After our successful IPO, five of our experts answered numerous questions from the Community. Viewers voted beforehand as to which topics they didn’t want missed. For those that didn’t have the chance to follow the presentation in real-time or do not understand German, we’ve briefly summarized the most important insights for you.
You can find the entire livestream here (in German only) which, in addition to extensive Q&A sessions, also includes interesting presentations from Torsten (finance), Mathieu (solar), Thomas (Sion), Friedrich (HR) and of course Laurin and Jona.
1. According to media reports, the head of contract manufacturer NEVS recently said, “we have no production agreements with Sono Motors. They first have to go public and raise money.” Where do we go from here?

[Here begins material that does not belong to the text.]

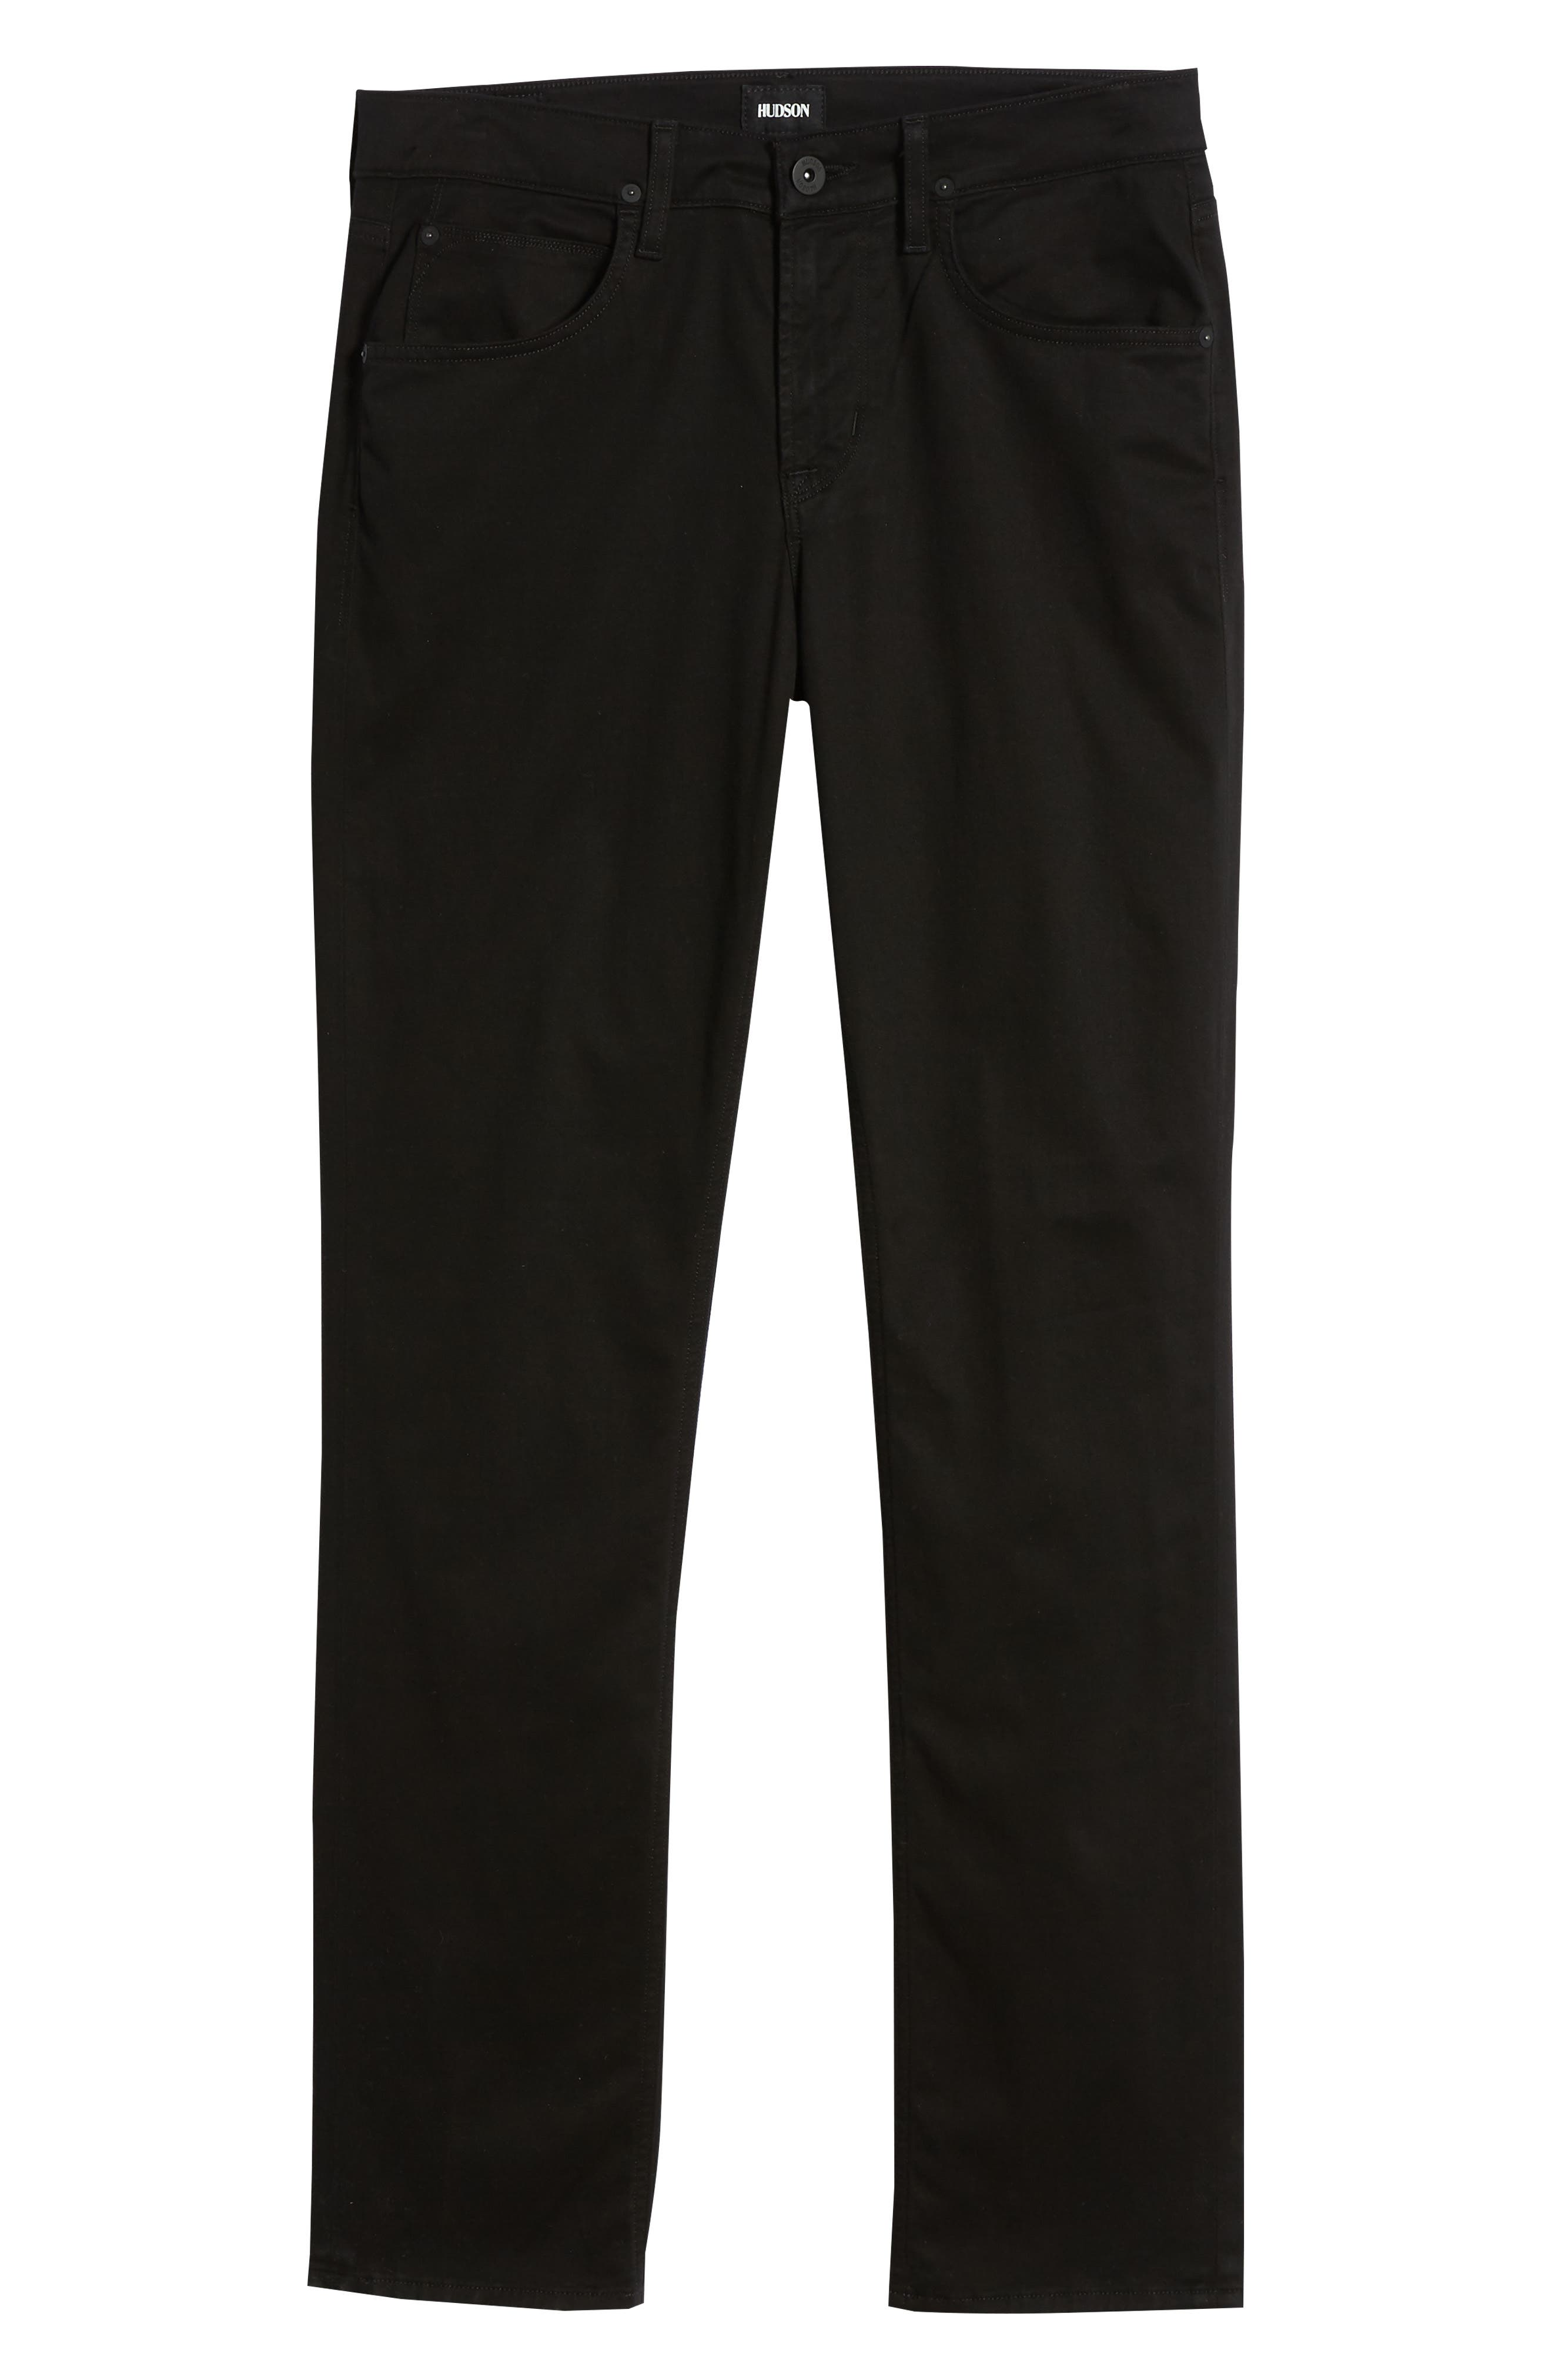 Byron Slim Straight Leg Jeans,                             Alternate thumbnail 6, color,                             Blackened

An update regarding our Production Partner is available since the 5th April, 2022. Find all information here.
2. Can you present the data that shows the charging performance achieved over a long period in practice? For example a curve that illustrates charging performance in different weather conditions over a day?
The Sion can generate additional range from the power of the sun alone, averaging 112 km per week (max. 245 km in a week of sunny weather). Sion users can almost completely self-sufficiently cover an average work commute and have to charge the car up to four times less often than a conventional electric car. We have created this graphic to illustrate this:
You also can find more information regarding solar integration in other types of vehicles by following this link. These use cases are based on calculations using weather data from our home-base in Munich. As soon as we have more detailed test results, we will of course publish them.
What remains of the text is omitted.